Il y a trois ou quatre ans, j’ai écrit un article en contemplant la fin de l’argent liquide. Je l’ai rédigé en tant que pleureur, déplorant à quel point son poids, sa solidité, sa pure physicalité me manqueraient, en contraste avec le fait de faire vibrer et glisser des fonds invisibles à travers l’atmosphère. Cependant, l’autre jour, j’ai réalisé que mon attitude avait fondamentalement changé. Je ne suis plus un défenseur passionné de l’argent liquide, mais plutôt un fossoyeur de sa tombe.
Lorsque l’idée de la fin des pièces et des billets a été évoquée pour la première fois, j’ai résisté, en achetant deux porte-monnaies pour pièces. L’un était un modèle élégant à fermeture éclair, acheté à l’aéroport de Gatwick ; l’autre, un porte-monnaie en tissu bleu d’occasion avec un fermoir en laiton et un serpent mystique en sequins, trouvé à l’Oxfam de Glastonbury. Un pour mon sac à dos de randonnée, l’autre pour la ville. Je ne fouillerais plus parmi tous les autres objets que je transporte avec moi à la recherche de pièces. Je serais rapide, efficace, organisé.
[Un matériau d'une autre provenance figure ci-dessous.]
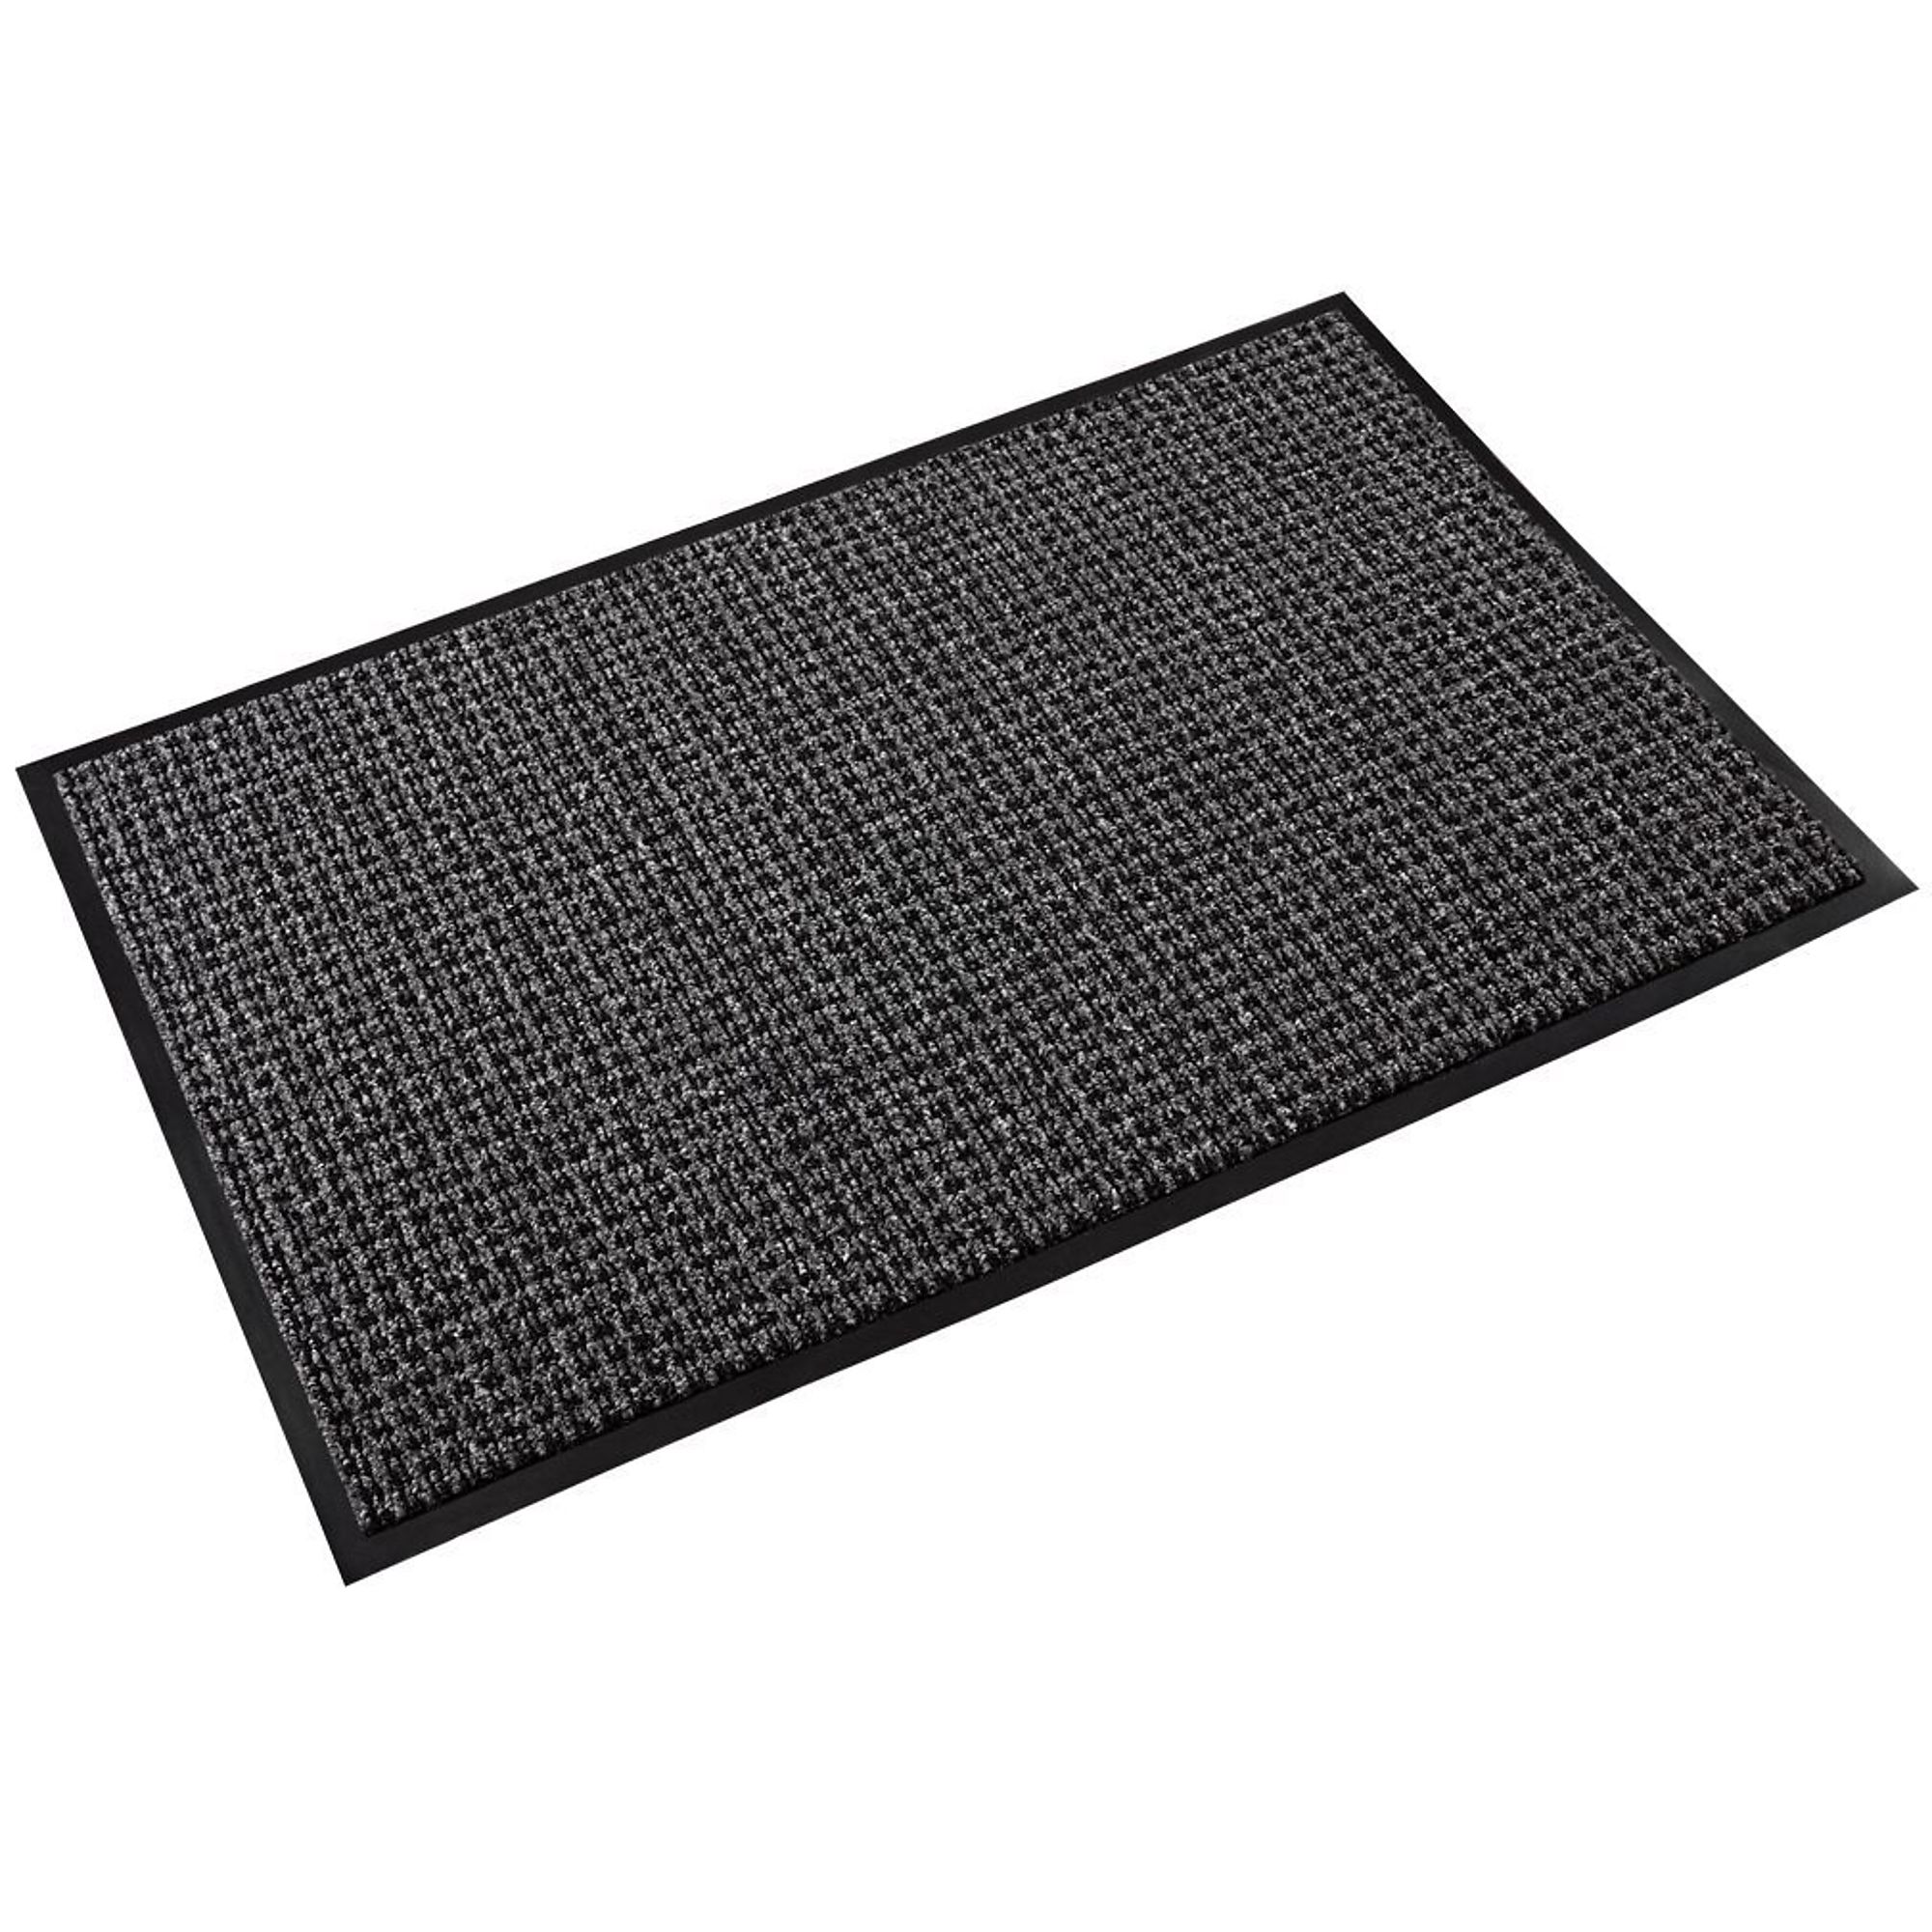 Crown Matting Technologies, Oxford Elite 4ft.x6ft. Black/Gray, Width 48 in, Length 72 in, Thickness 7/16 in, Model OE 0046GY

Et je m’accrocherais à l’argent liquide, par principe.
Le système a bien fonctionné un certain temps. Mais les porte-monnaies sont devenus de plus en plus lourds. Finalement, tous deux sont devenus si pesants qu’ils ont dû être exilés de leurs sacs. Je pense que cela a marqué le début de ma chute. J’ai continué à payer avec des billets, parce que j’aimais leur rapidité et leur claquement ; mais je n’avais pas vraiment considéré que je finirais par récupérer des pièces. Maintenant sans porte-monnaie, je les mettais en vrac dans mon sac ou dans mes poches, et j’ai commencé à les détester, ou du moins toutes celles qui étaient inférieures à 50 pence. L’argent liquide dans la poche a une sensation utile de « juste au cas où », mais les pièces — même celles qui s’accumulent agréablement dans un livre — ne peuvent même pas transmettre cela.
Le jour où mes yeux se sont définitivement ouverts, cependant, c’était au début d’octobre, lorsque je suis sorti acheter un litre de lait. J’ai pris mon porte-monnaie en forme de serpent, respectant la règle que je m’étais imposée : les achats inférieurs à dix livres devaient être réglés en espèces. Mon motif secret et satisfaisant était de débarrasser ce porte-monnaie d’environ la moitié de son poids. Le sympathique épicier kurde, qui m’appelait « chéri » et dont le magasin s’appelait « Hope Grocery », ne s’en soucierait sûrement pas. Le seul événement qui semblait le troubler était le vieux homme puant qui venait presque tous les soirs, bloquant les allées avec ses bavardages joyeux, qu’il suivait anxieusement avec un spray désodorisant. Alors je suis sorti audacieusement dans l’obscurité.
Ce n’était pas le type habituel, mais un de ses amis, plus gros, barbu et rivé à son téléphone. Lorsque j’ai posé le lait sur le comptoir, il n’a pas levé les yeux tout de suite. Quand enfin il l’a fait, c’était pour me voir, encore en train de disposer des pences et des pièces de deux pence en petites piles soignées. J’avais l’impression de devenir plus lent à cette tâche qu’auparavant. Deux clients s’agitaient derrière moi. Et à ce moment-là, une pensée hérétique m’a frappé comme un couteau : pourquoi diable traversais-je cette performance laborieuse ? Pourquoi m’accordais-je le luxe d’être ainsi primitif ? C’est ainsi que je me sentais : comme si j’insistais pour faire du feu en frottant deux bâtons ensemble, plutôt que d’allumer une allumette pour une lueur instantanée et une flamme.
L’argent liquide me paraissait également légèrement déplaisant. Le Covid, bien sûr, nous a rendus soudainement conscients de cela. Dans certains pays (je pense surtout à l’Égypte et à l’Inde, deux endroits que j’adore par ailleurs), même les billets provenant d’un distributeur automatique sont si usés qu’ils deviennent flasques et sales, et après chaque manipulation, je me sentais obligé de désinfecter mes mains. Mais même ici, dans cet Ouest soi-disant propre et désinfecté, mes enfants refusent de laisser des sixpences et de vieux trois pences être logés dans le pudding de Noël. Ils peuvent se passer de cette forme de chance.